Most movies, let's face it, are crap. If Slated only offers a more efficient process, I can't see that it is much of an improvement. Also, while the big screen is essential for some movies (even if, like me, you're not a fan of the communal experience) streaming video is pretty much the only way to see the many superior foreign films out there. I only wish Netflix or Amazon were brave enough to screen more of them. One refreshing thing about them is their freedom from Hollywood's neo-Puritan obsessions. I refuse to be preached at. Mr. Paternot's stuffy high church moral indignation marks him as an unreliable ally of personal or artistic freedom.

Michael Walsh

This guy has a terrible habit of presenting utter banalities as if they are something insightful. Insufferable. And I have listened to 100% of Bret's podcasts so far. I had to stop this one. Halt and Catch Fire is the best tv show so far about the early days of the web. The show is centered on the PC revolution days primarily in the 80s. It ends in the early web days, pre dot-com boom. The show has surprisingly great music selections.
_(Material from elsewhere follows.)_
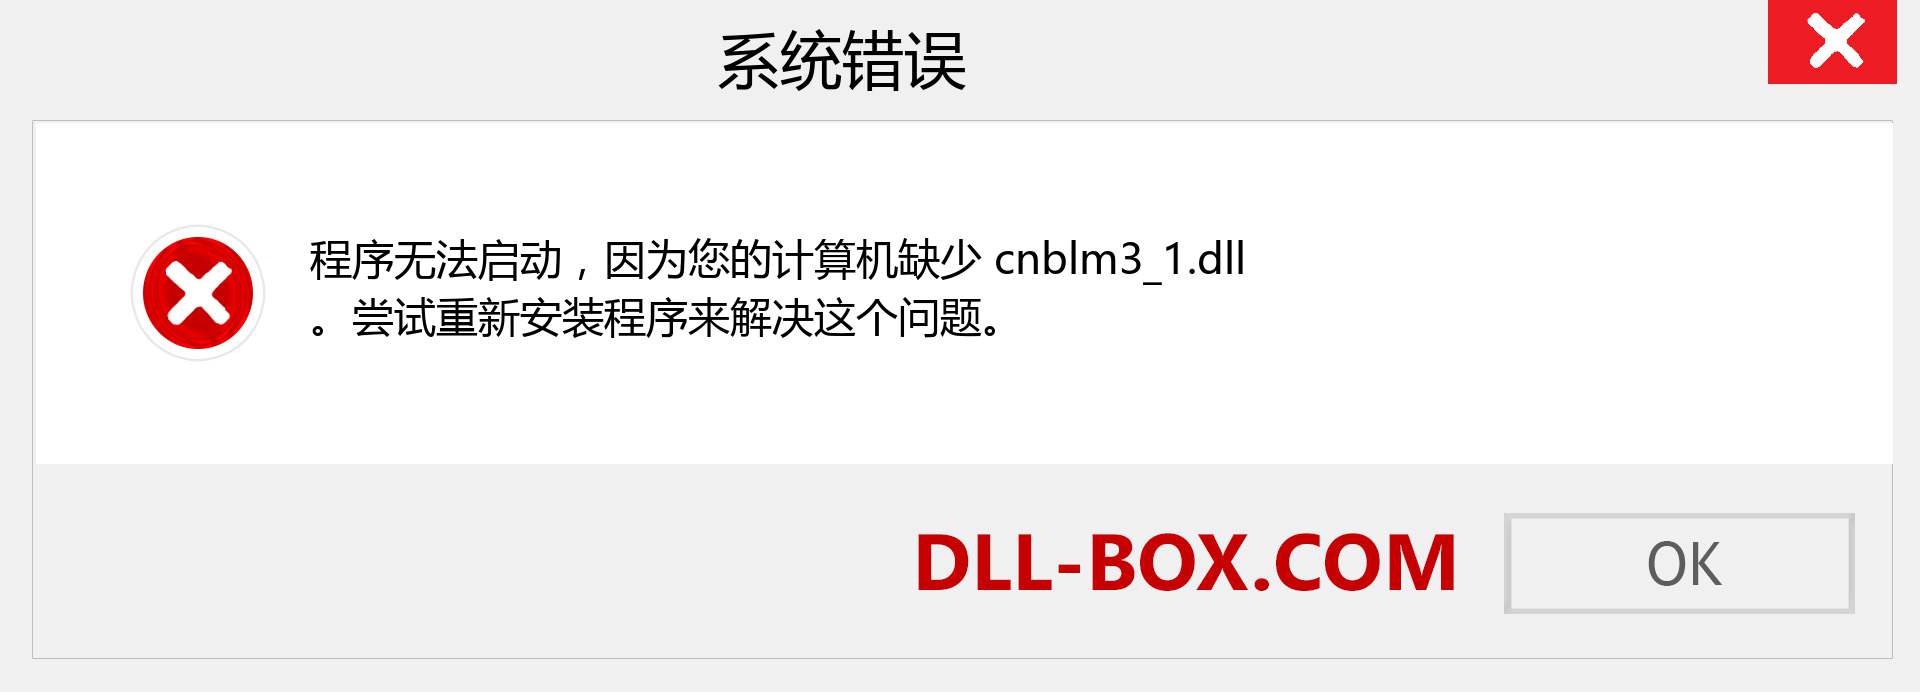 cnblm3_1.dll 文件丢失？。 适用于 Windows 7、8、10 的下载 - 修复 Windows、照片、图像上的 cnblm3_1 dll 丢失错误

Beloved by techies for generally getting the tech stuff right.

BUtterfield8

This guy sounds like another Hollywood huckster using ‘analytics’, Ryan Kavanaugh 2.0. It is simply too hostile to such an approach.

MikeE

The bird box narrative structure gave away any chance of a mystery upfront.

Christopher Neu

very sorry to hear you were the only one in the theater for The Happening. when i saw it, most of the audience was laughing.

C

The opening scene Bret describes, 2008 solitary viewer of The Happening made my face hurt with laughter. Btw does Bret have Tibetan monk circular breathing skills? Or maybe he leaned to play the didgeridoo from Australian aboriginese? I think he has an aquarium pump hooked up to his lungs, he never takes a breath lol, love it!!